Well, so much to say. I'll start by saying Harve Bennett and Nicholas Meyer did help revive ST. They took some chances, like killing off Spock and showing an aging Kirk.

That's all well in good, taking chances. Killing Spock. Giving Kirk a son. Making Kirk an Admiral. Blowing up the Enterprise. Kirk facing court-martial.

But, what's the point in taking these chances if everything's going to be reset at the end of the film(s)?

Spock comes back to life.
David gets killed.
Kirk gets the Enterprise-A.
Everybody's back at their posts smiling.

The status quo has returned. WTF? How's that taking chances?

Ah, yes. The original reset button, years before TNG and VOY! :lol:

I should've been clearer. They did take some chances, but they didn't let them stick, which is too bad. But let's not forget that it was backlash from the fans which led to Spock coming back -- as well as Nimoy's realization that without Spock to fall back on, he was going nowhere fast!

It would've been interesting if only, say, Kirk, McCoy, and Scotty were left from the original crew and Saavik and other younger officers replaced Sulu, Chekov, and Uhura. Then it really would've been the next generation! ;)

They could've established they broke up the crew, with Sulu taking command of Excelsior, only with Chekov as his first officer and Uhura as second officer. Kirk, McCoy, and Scotty would've taken over the new Enterprise.

I actually liked how they brought Spock back, though, partly because it was preposterous, and how the writers left several outs for the character to come back.

It would've been better if they either got the Excelsior, or another Excelsior-class vessel -- NCC-2001 -- as the new Enterprise. I understand that was originally what TPTB intended to do.

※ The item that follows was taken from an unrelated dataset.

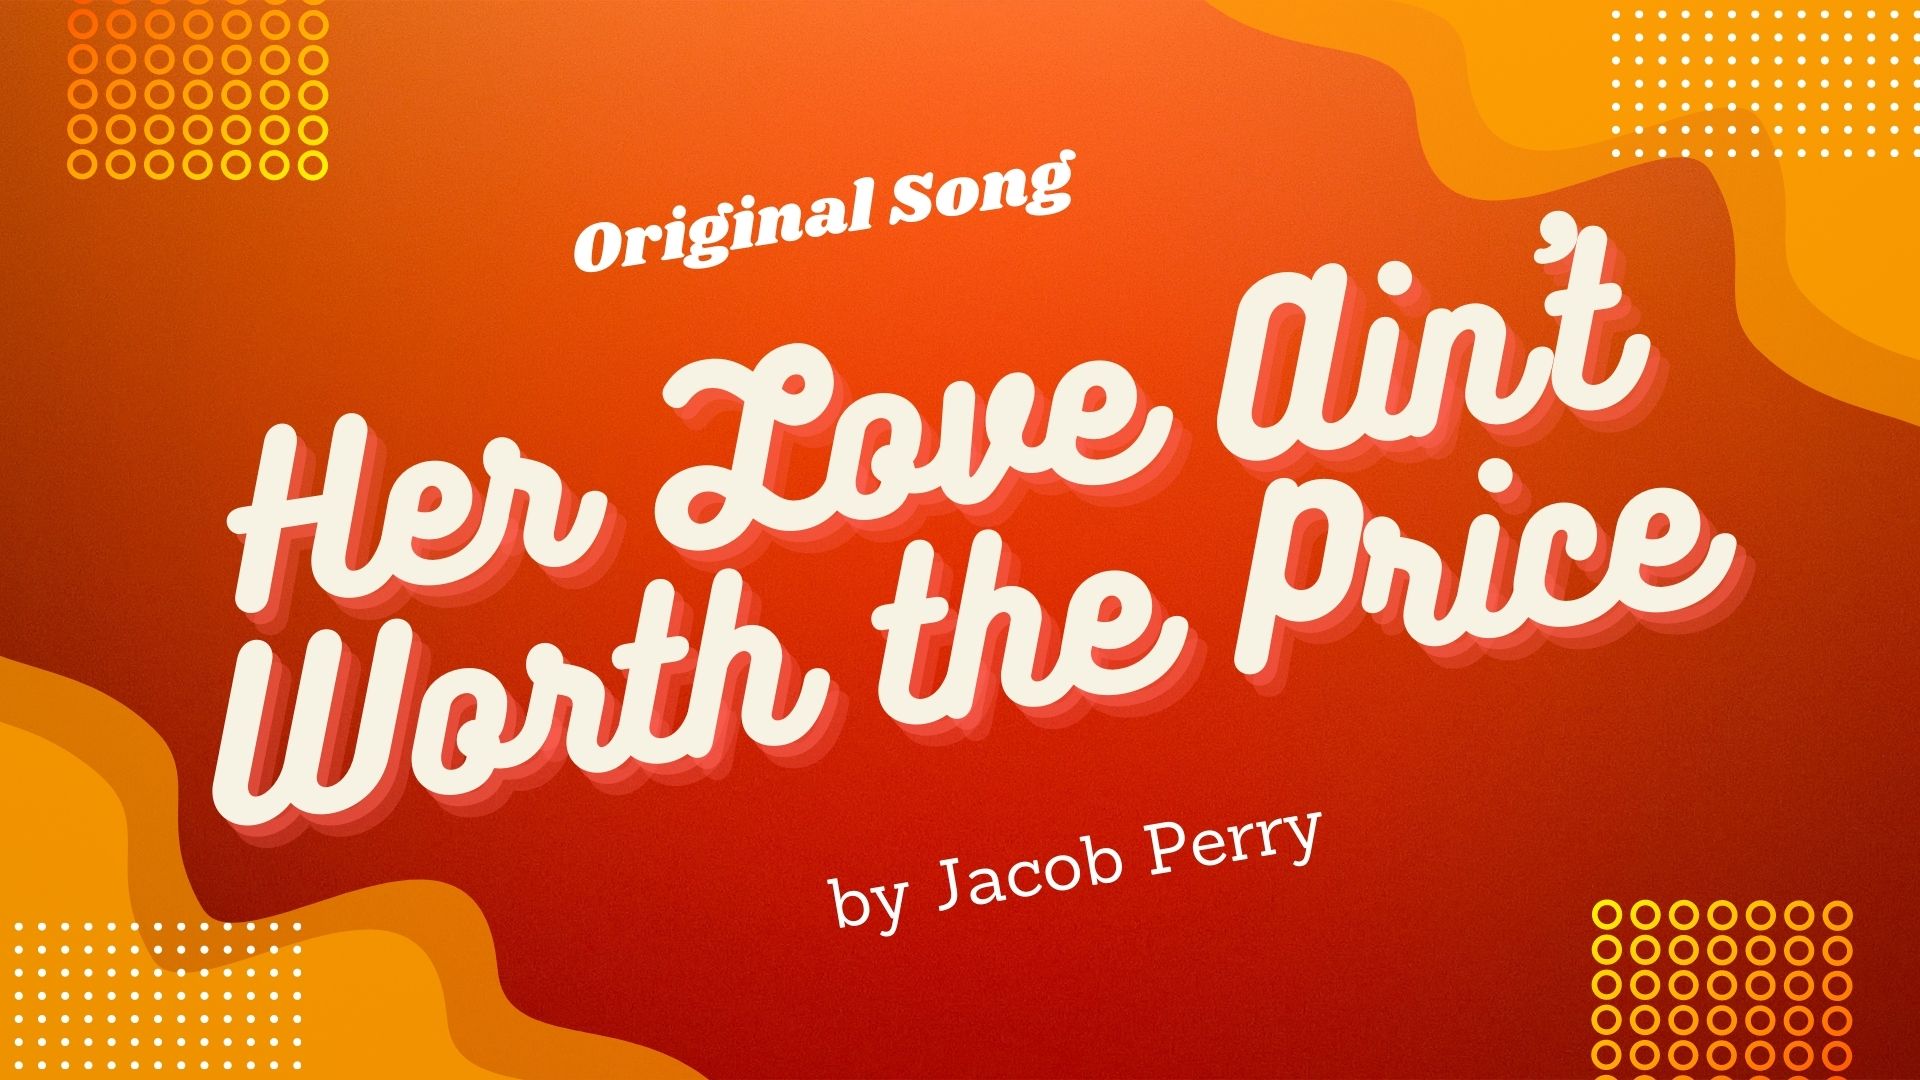 Saving lives as a paramedic during the day and a musician at night, ‘Jacob Perry’ unleashes his cool country anthem ‘Her Love Ain’t Worth The Price’.

So, some missed opportunities. Oh, well!

Red Ranger
 
^And ironically, it's us fans that torpedoed them! We brought this shit upon ourselves! :lol:

(I am of course using "us" and "we" in the general sense; between 1982 and 1986, my primary interests were Sesame Street, LEGOs, and Knight Rider. :p)
 
TiberiusK said: The investment always returned a profit, even when the job was botched (Shat's TFF). The only film that lost money was Nemesis.
Well, by the numbers, TFF barely eeked by with much of any kind of profit (27 mil budget versus 70 mil worldwide gross). If we're talking 8 million, yes then perhaps (halving the 70 mil gross for the studio) but I doubt the studio was that happy with it - particularly in the wake of TVH's box office.
 
UWC Defiance said:
Allyn Gibson said:
Actually, Berman was there before Roddenberry. Joel Engel lists Berman as involved in the pre-Roddenberry TNG developed by War of the Worlds creator Greg Strangis. Berman's role probably would have been as the studio suit, to make sure that the studio's interests were being looked after.

This is true. Berman's job was overseeing certain areas of TV development. He was put on to TNG as a producer in order to help actually get the show on the air on time and on budget.
I've always looked upon Rick Berman as perhaps one of the luckiest men in modern hollywood. If you go by his IMDB resume, his greatest claim to fame prior to TNG was as a friggin PA in "Re-Animator". I've heard him somehow associated with "Cheers", but there is no mention on his resume of just what exactly he did on the show. Was it craft services? Errand boy?
 
Jonesy said:
I've heard him somehow associated with "Cheers", but there is no mention on his resume of just what exactly he did on the show.

Before TNG he was "director of current programming" and "executive director of dramatic programming" at Paramount.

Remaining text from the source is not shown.